Problem description
Please return the full listing word for word, leaving out any pictures.

Data extract
● ● ● ● ● ● ●

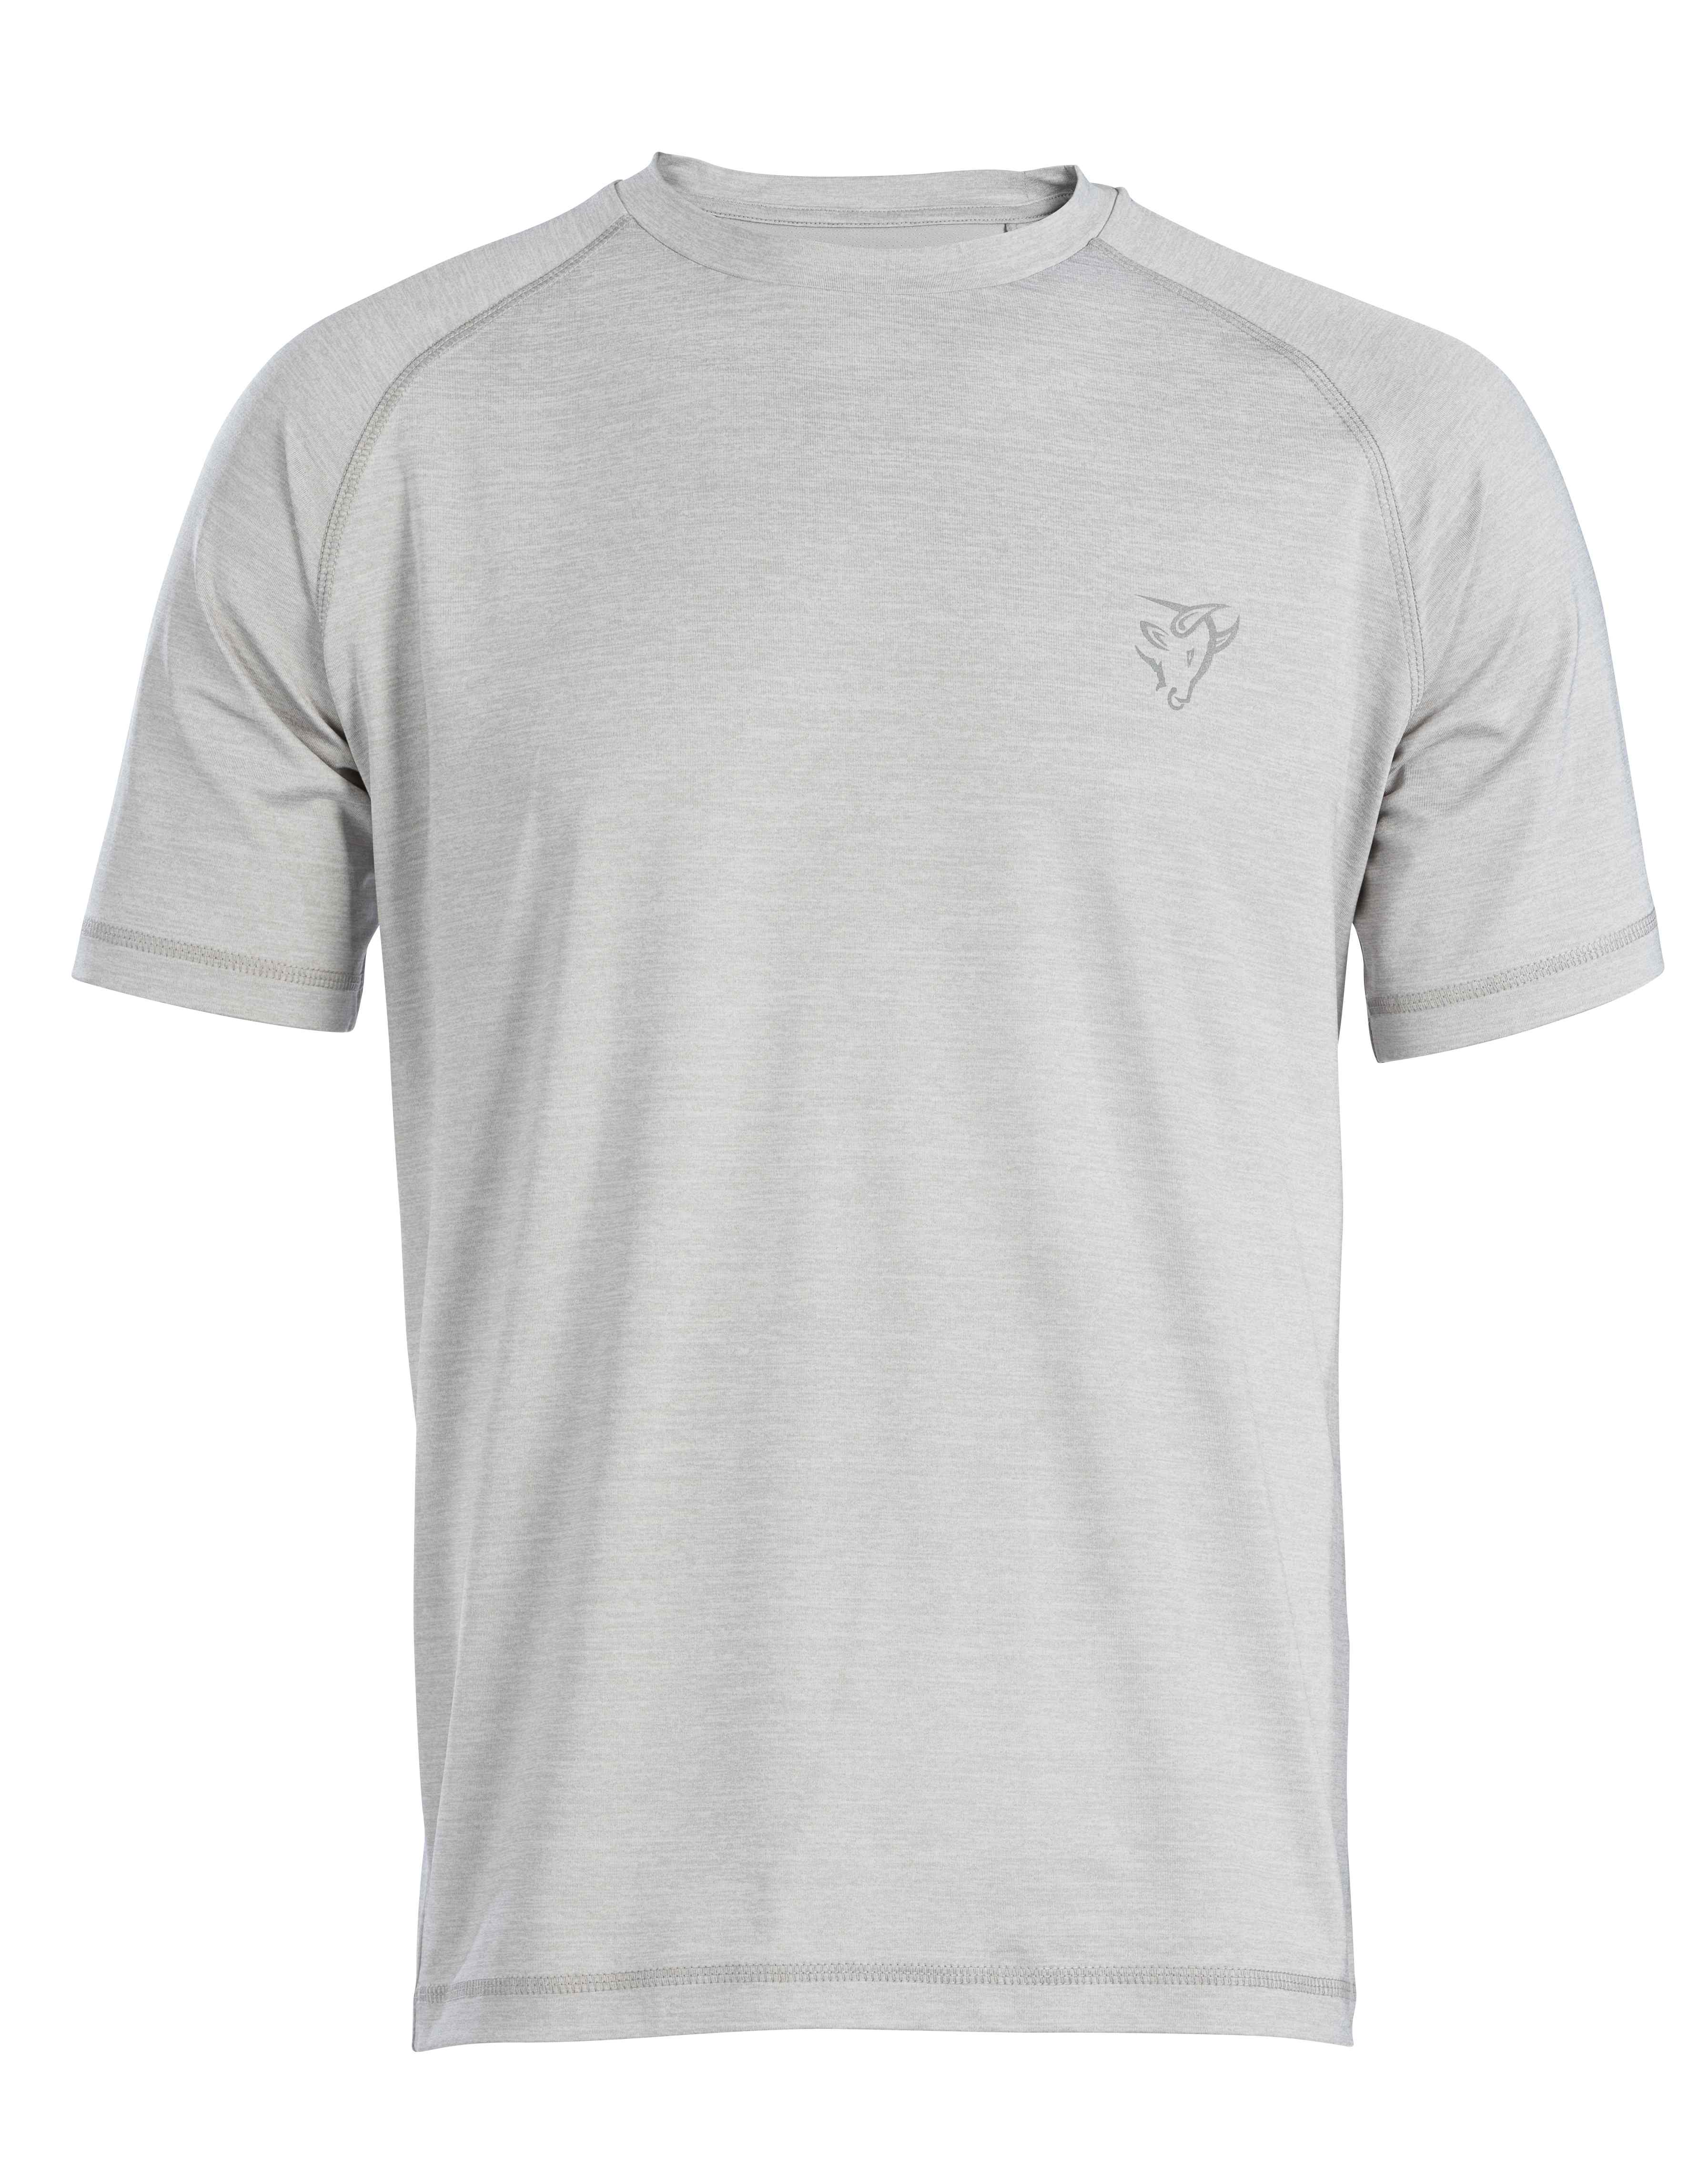 OX Tech Crew T-Shirt Grey - XXL
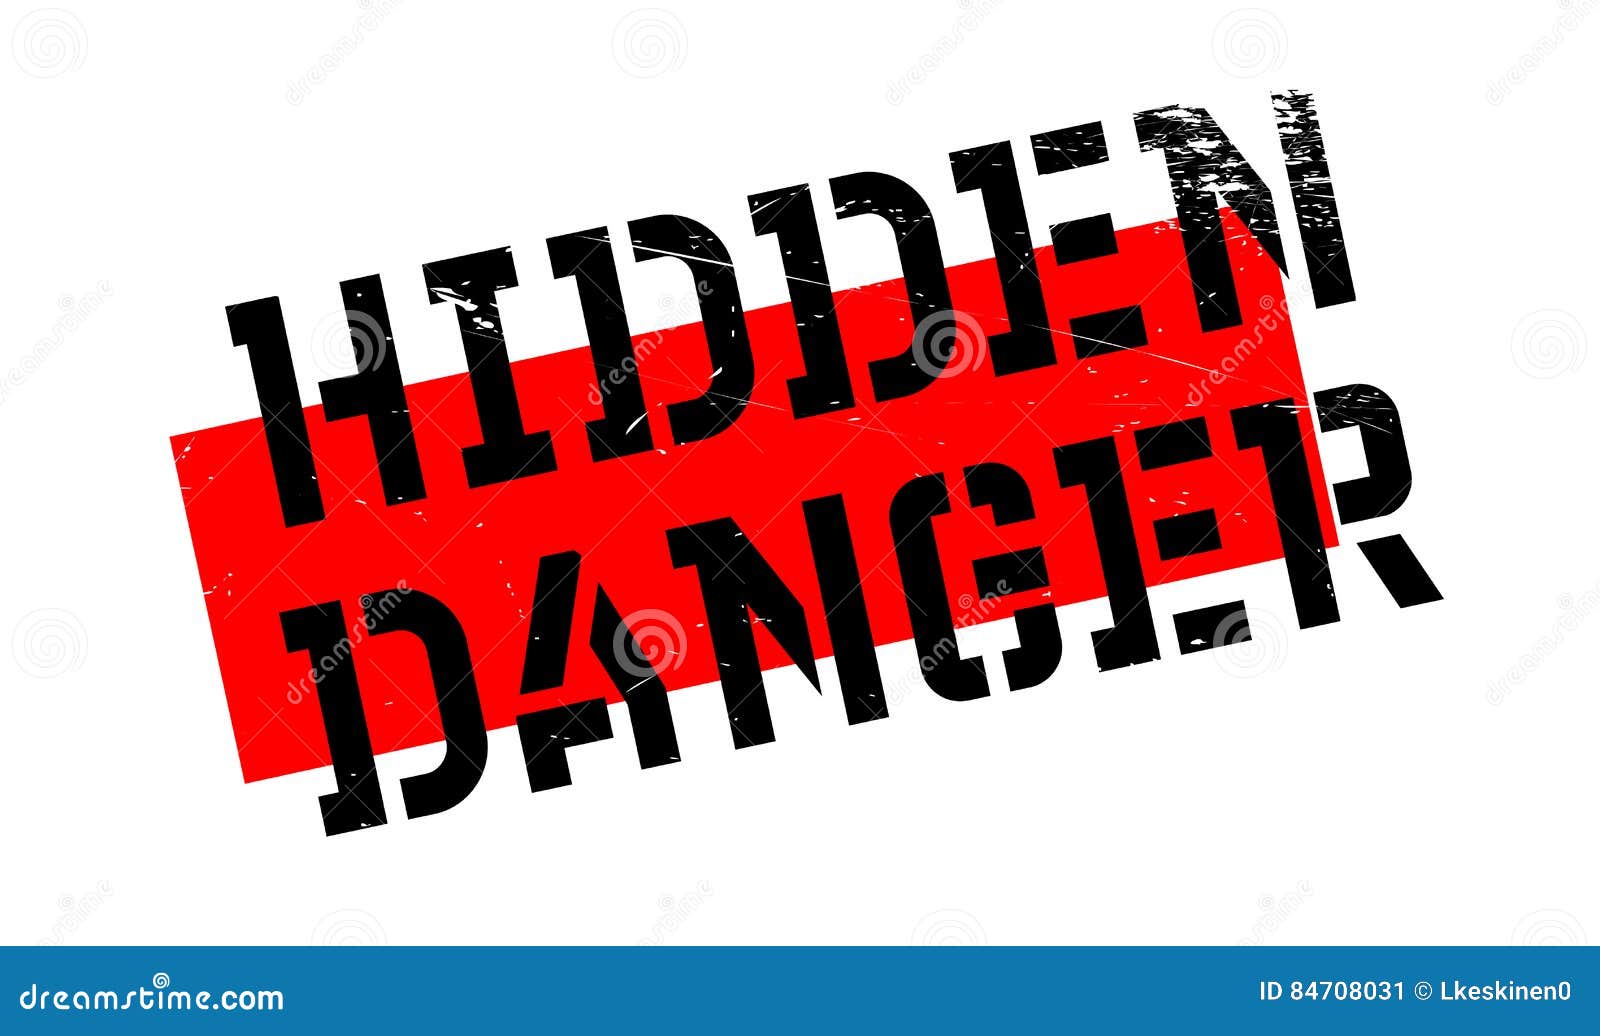 Hidden Danger Rubber Stamp Stock Image | CartoonDealer.com #83214283 Danger Stamp
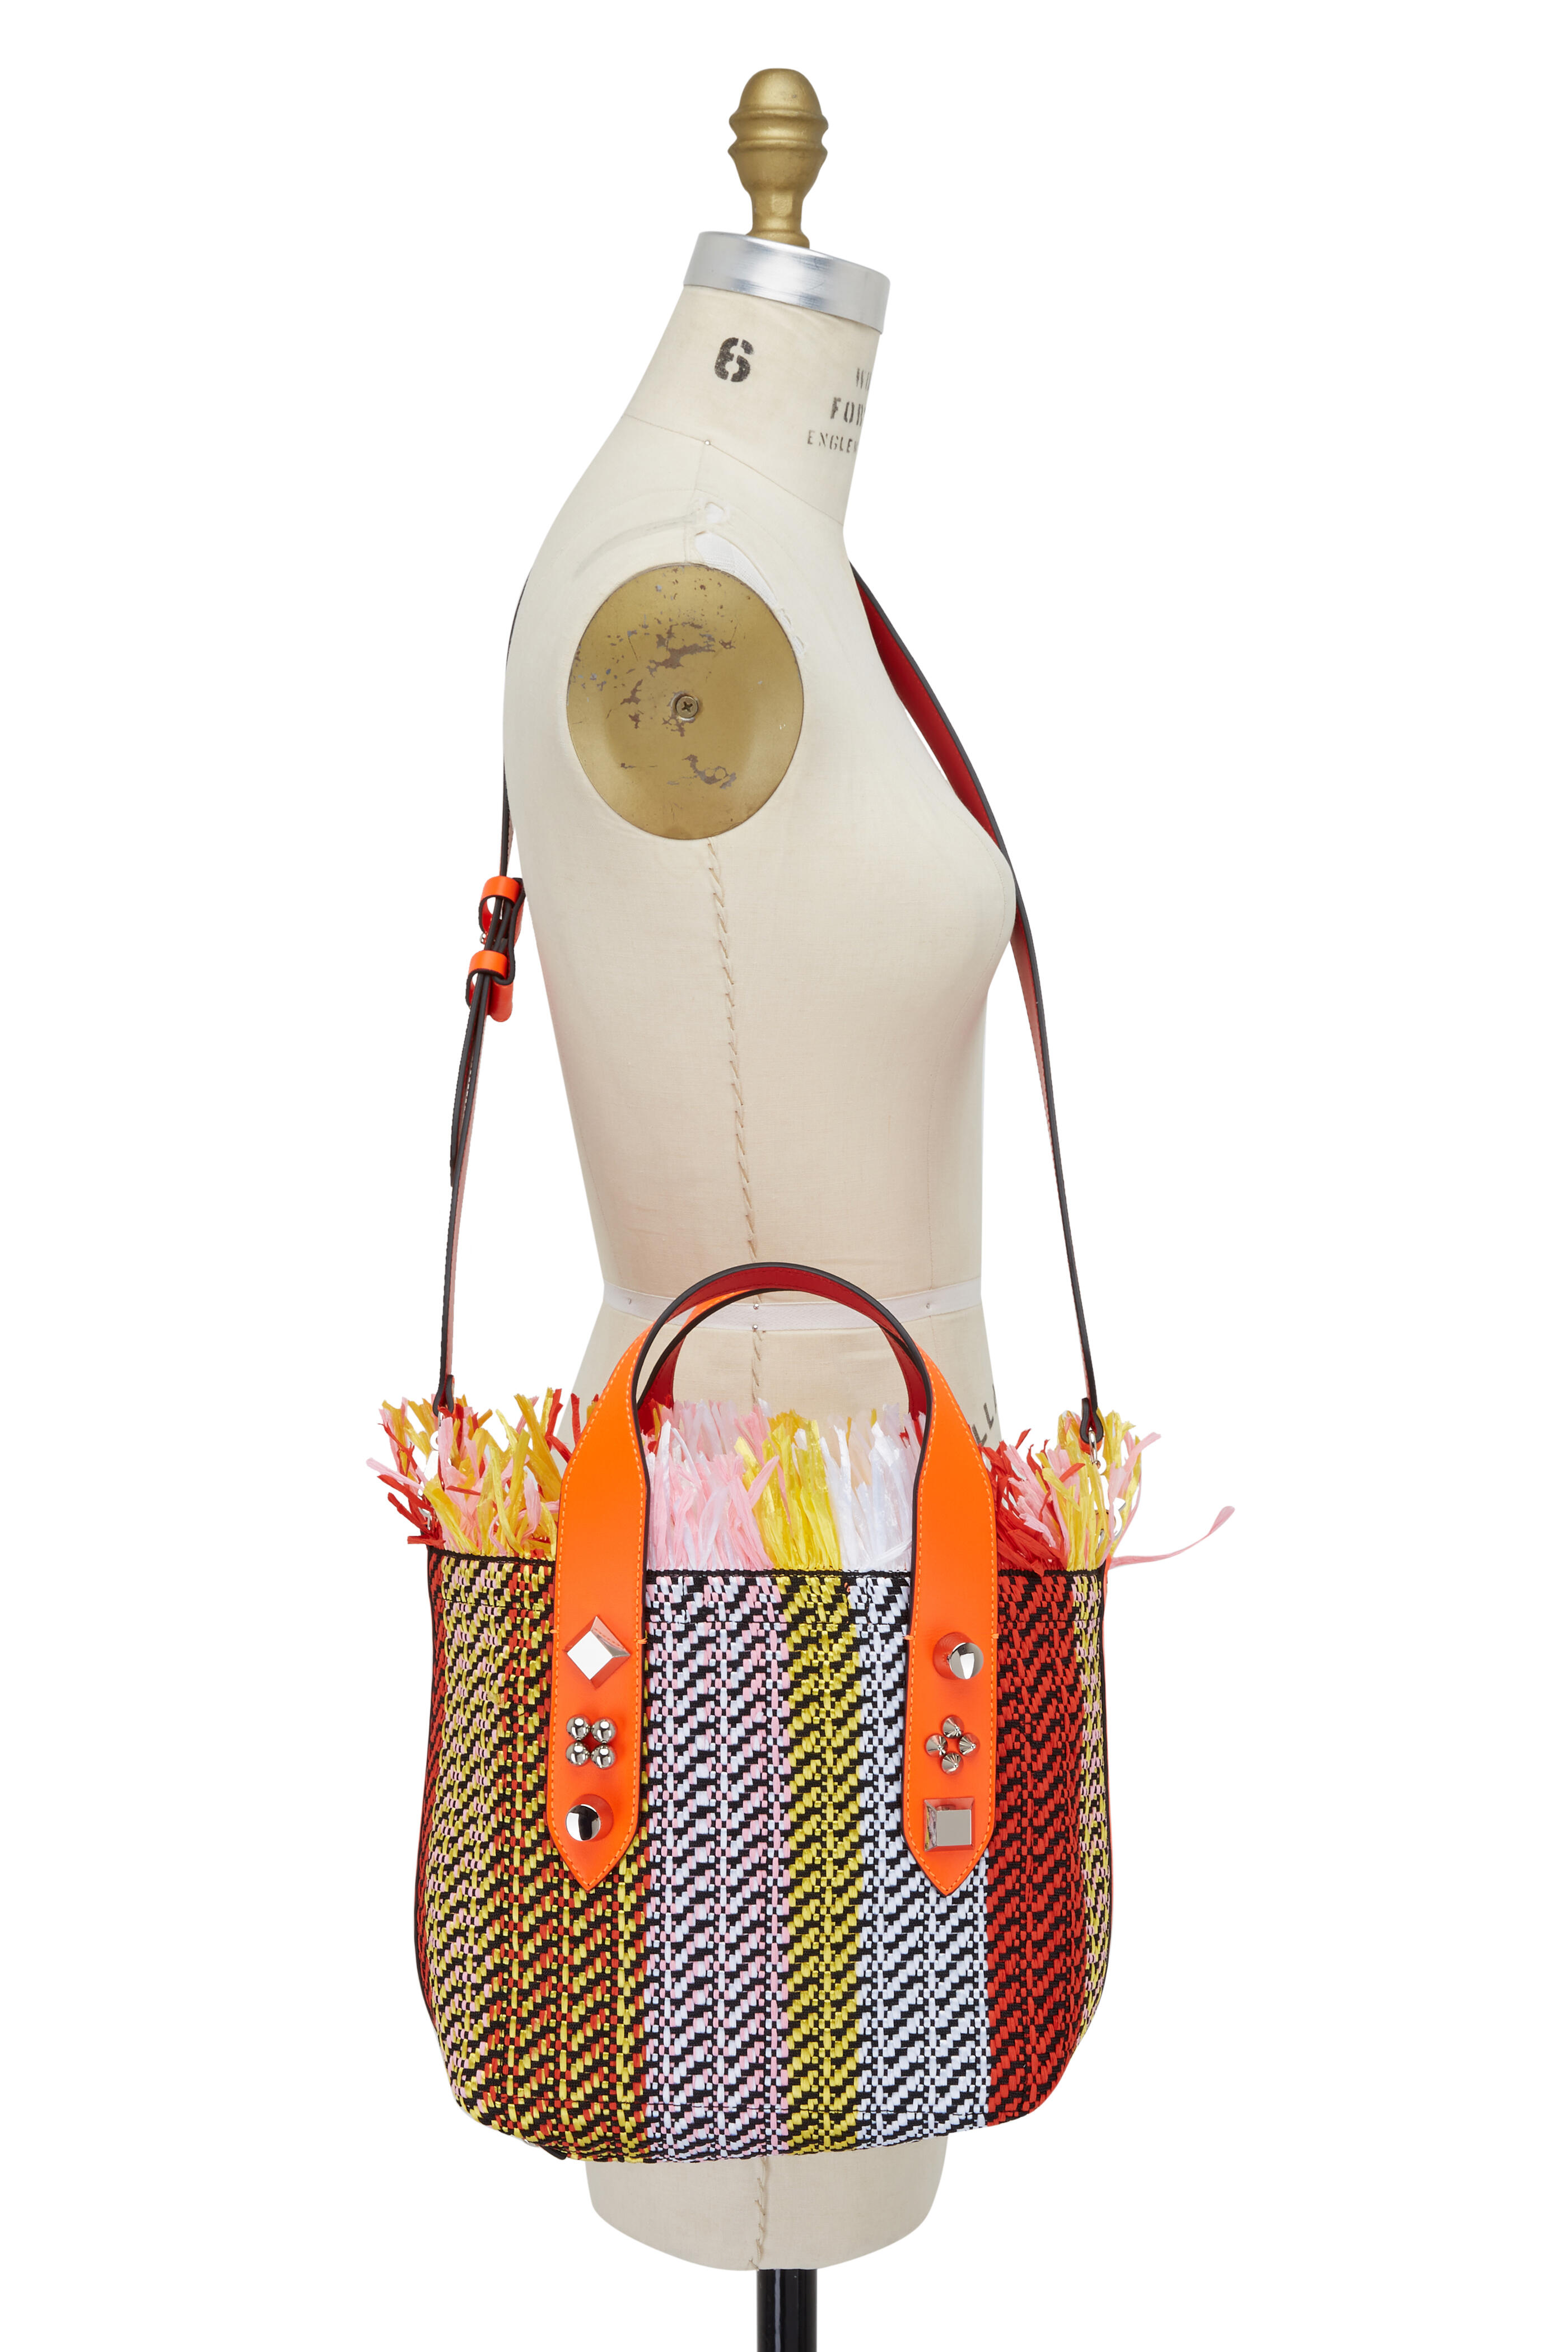 Luxury handbag - Frangibus Christian Louboutin medium tote bag in  multicolor fabric

● ● ● ● ● ● ●

Result of the task
 OX Tech Crew T-Shirt Grey - XXL
 Hidden Danger Rubber Stamp Stock Image | CartoonDealer.com #83214283 Danger Stamp
 Luxury handbag - Frangibus Christian Louboutin medium tote bag in  multicolor fabric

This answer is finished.